**Problem**
Every line of the listing below must be printed again exactly, apart from its pictures.

### Given material ###

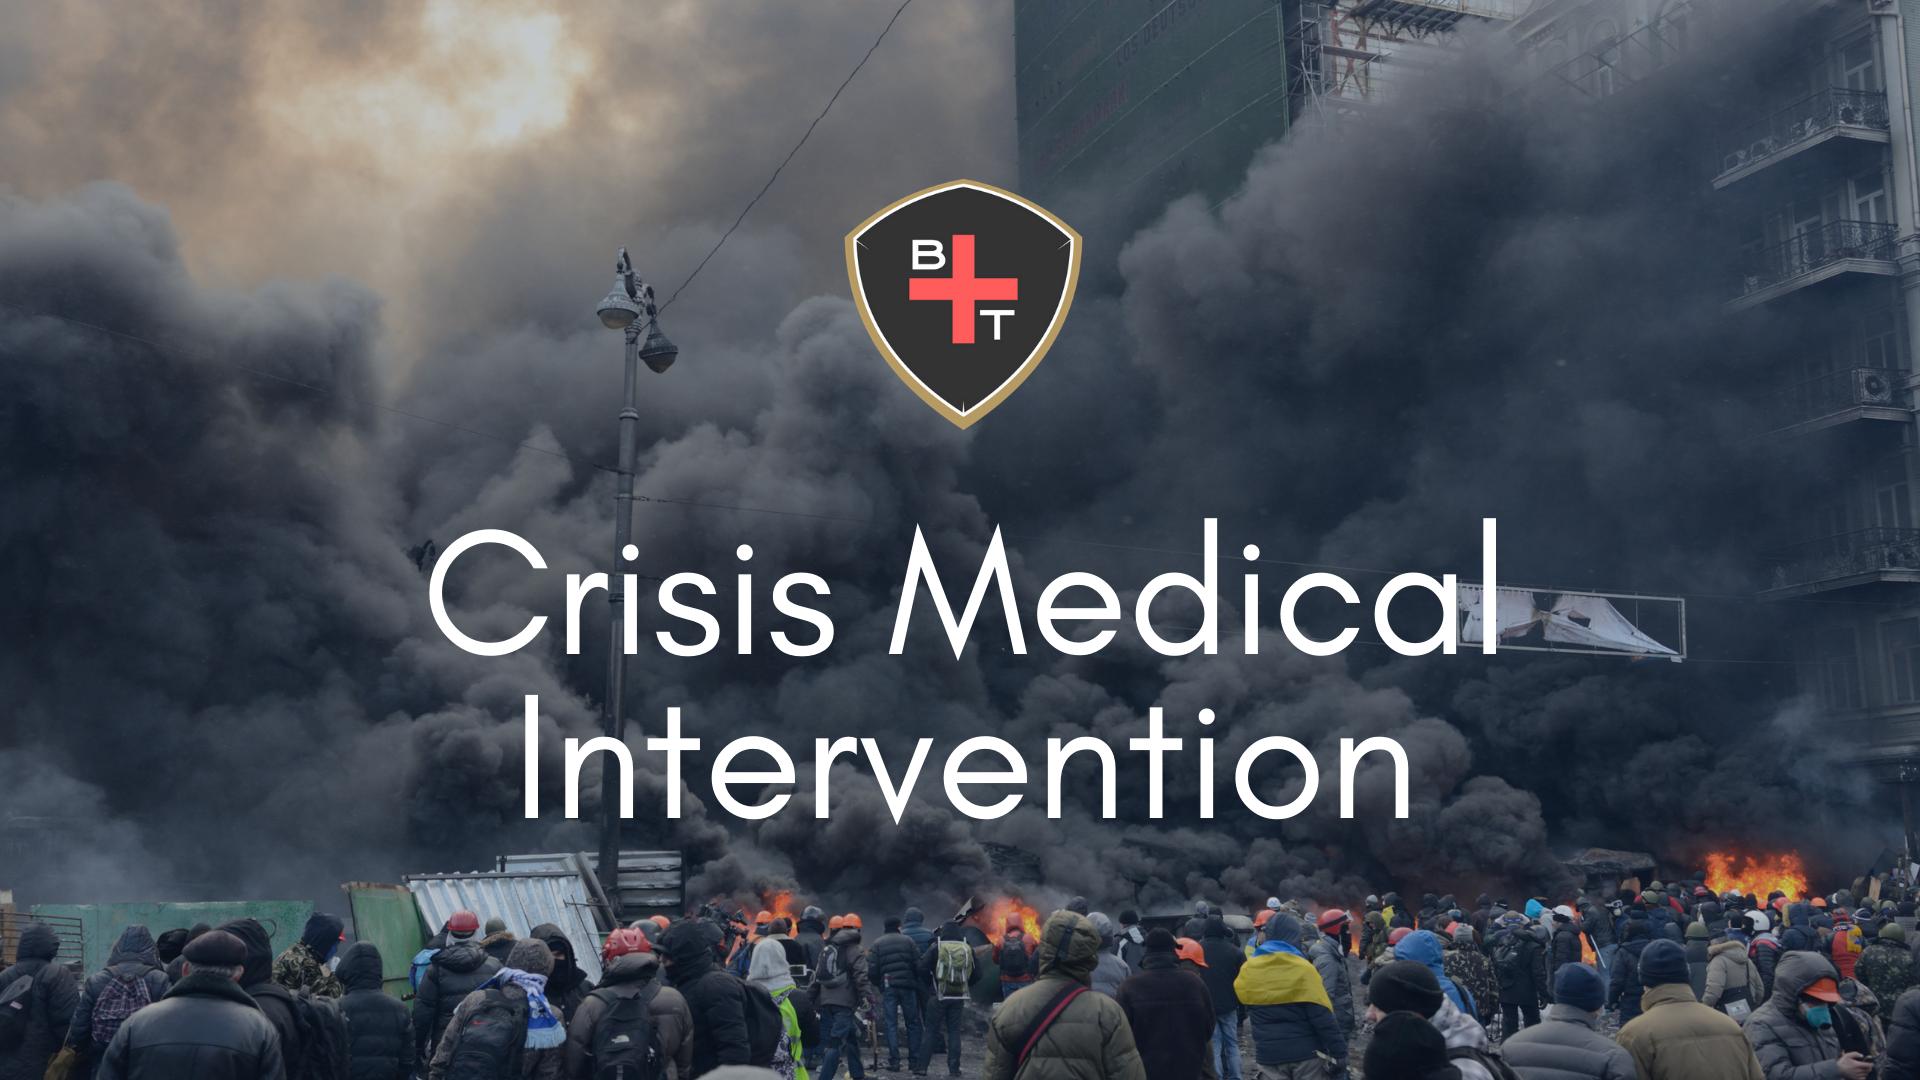 crisis-medical-intervention-better-tactics-usa.jpg
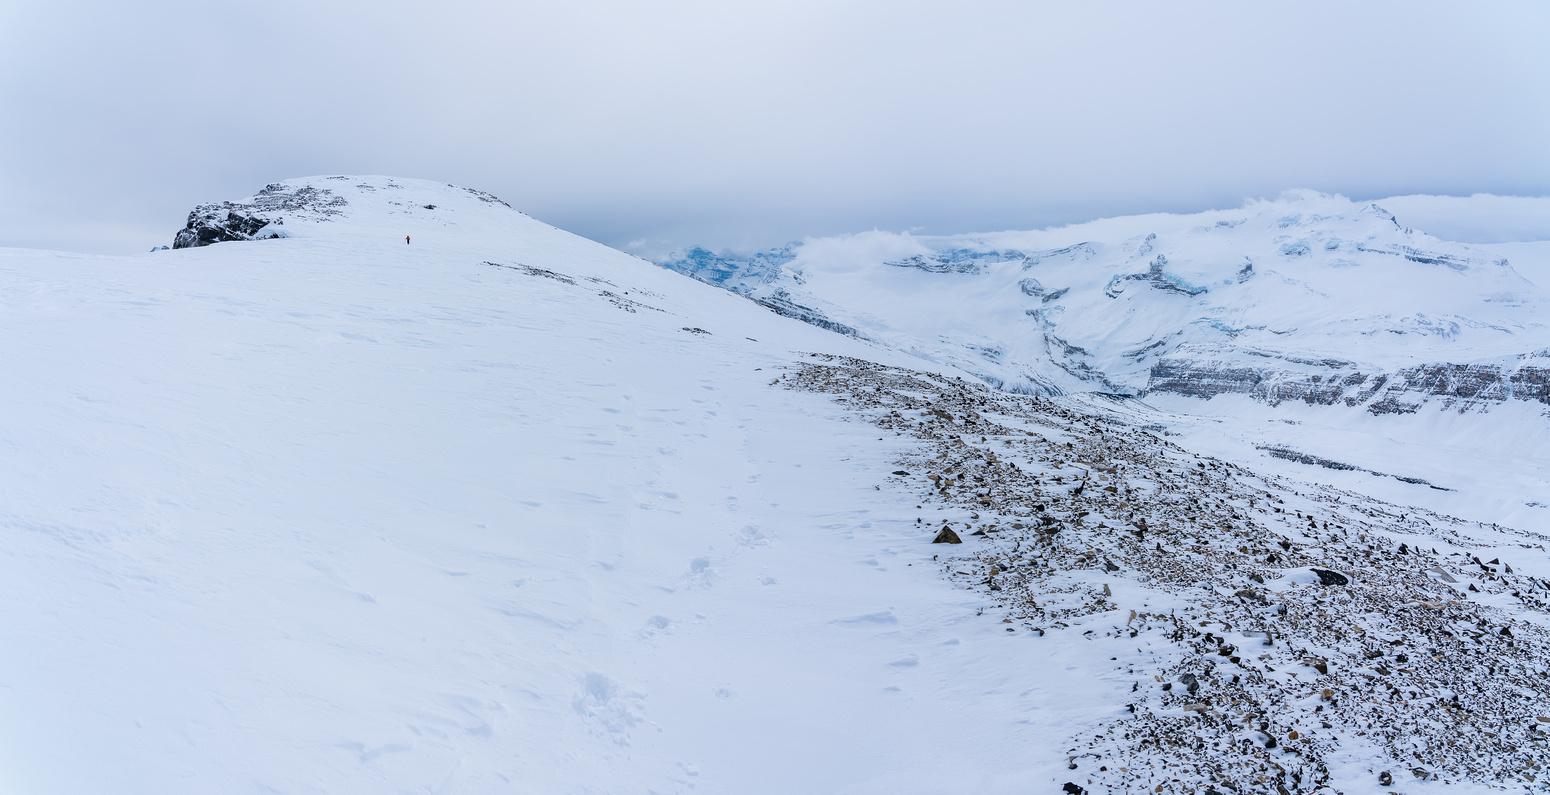 The summit ridge of Crowfoot Mountain.
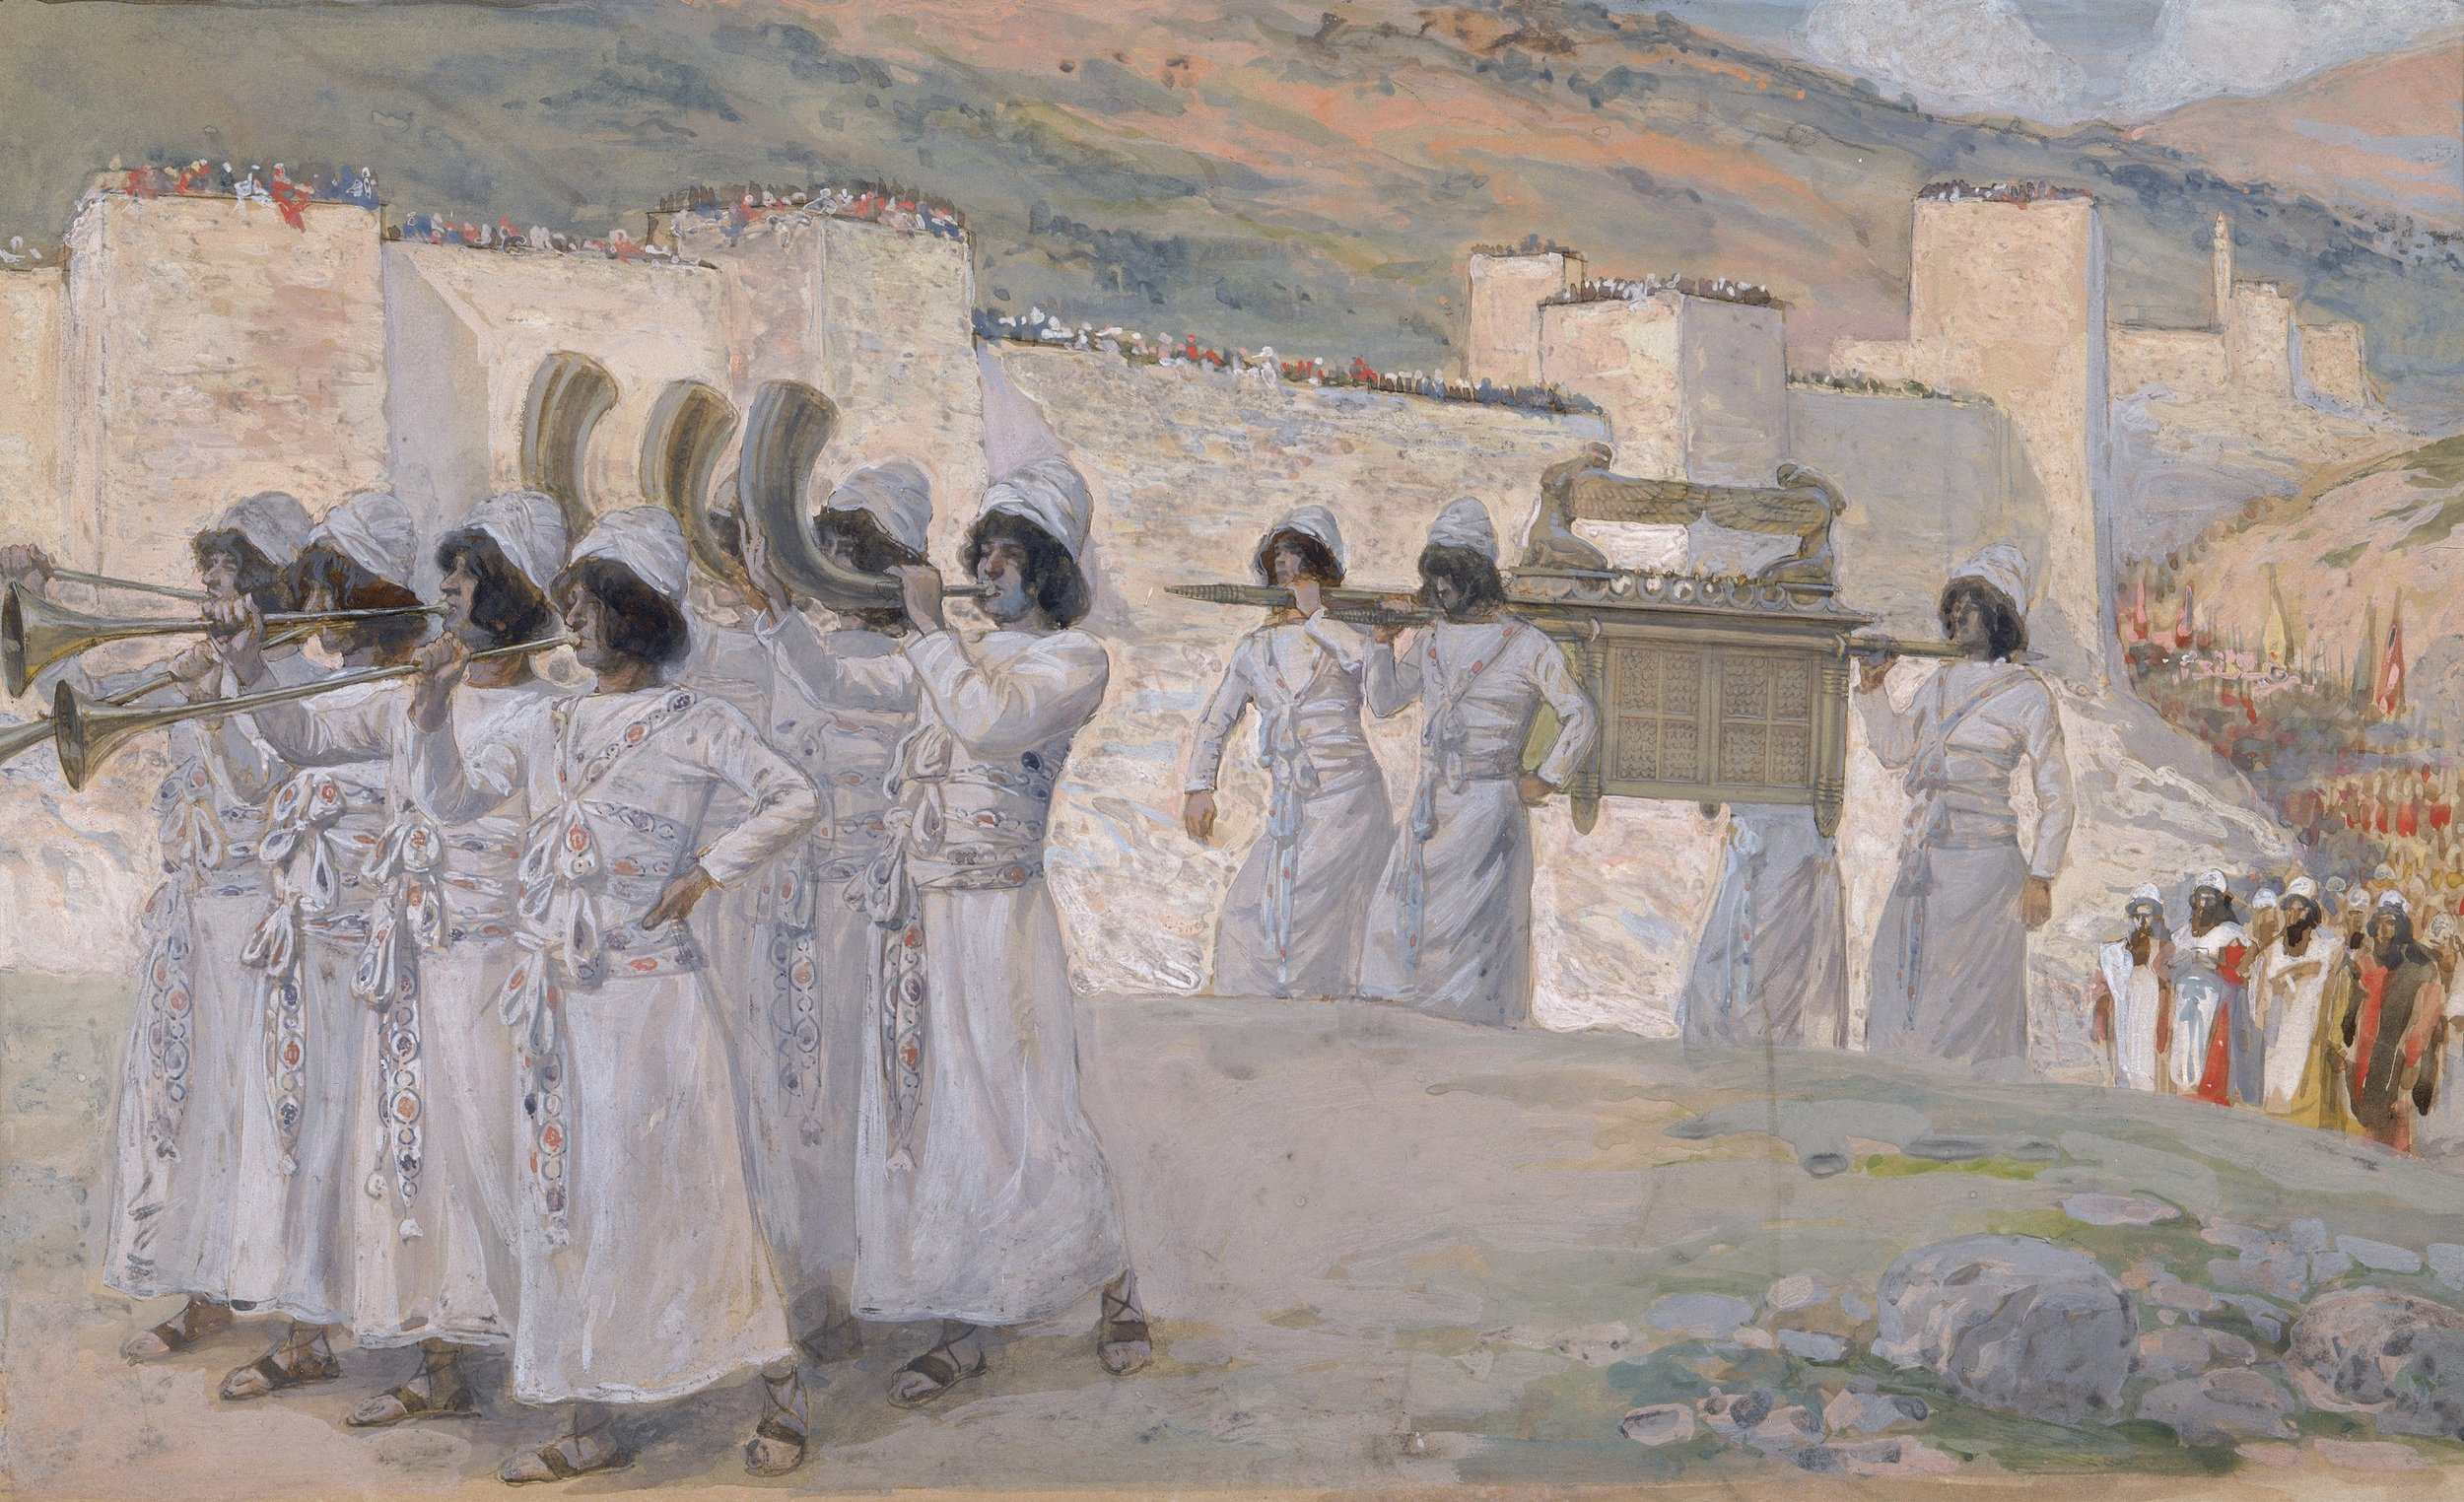 The Seven Trumpets of Jericho by James Jacques Joseph Tissot

###

**The completed task**
 crisis-medical-intervention-better-tactics-usa.jpg
 The summit ridge of Crowfoot Mountain.
 The Seven Trumpets of Jericho by James Jacques Joseph Tissot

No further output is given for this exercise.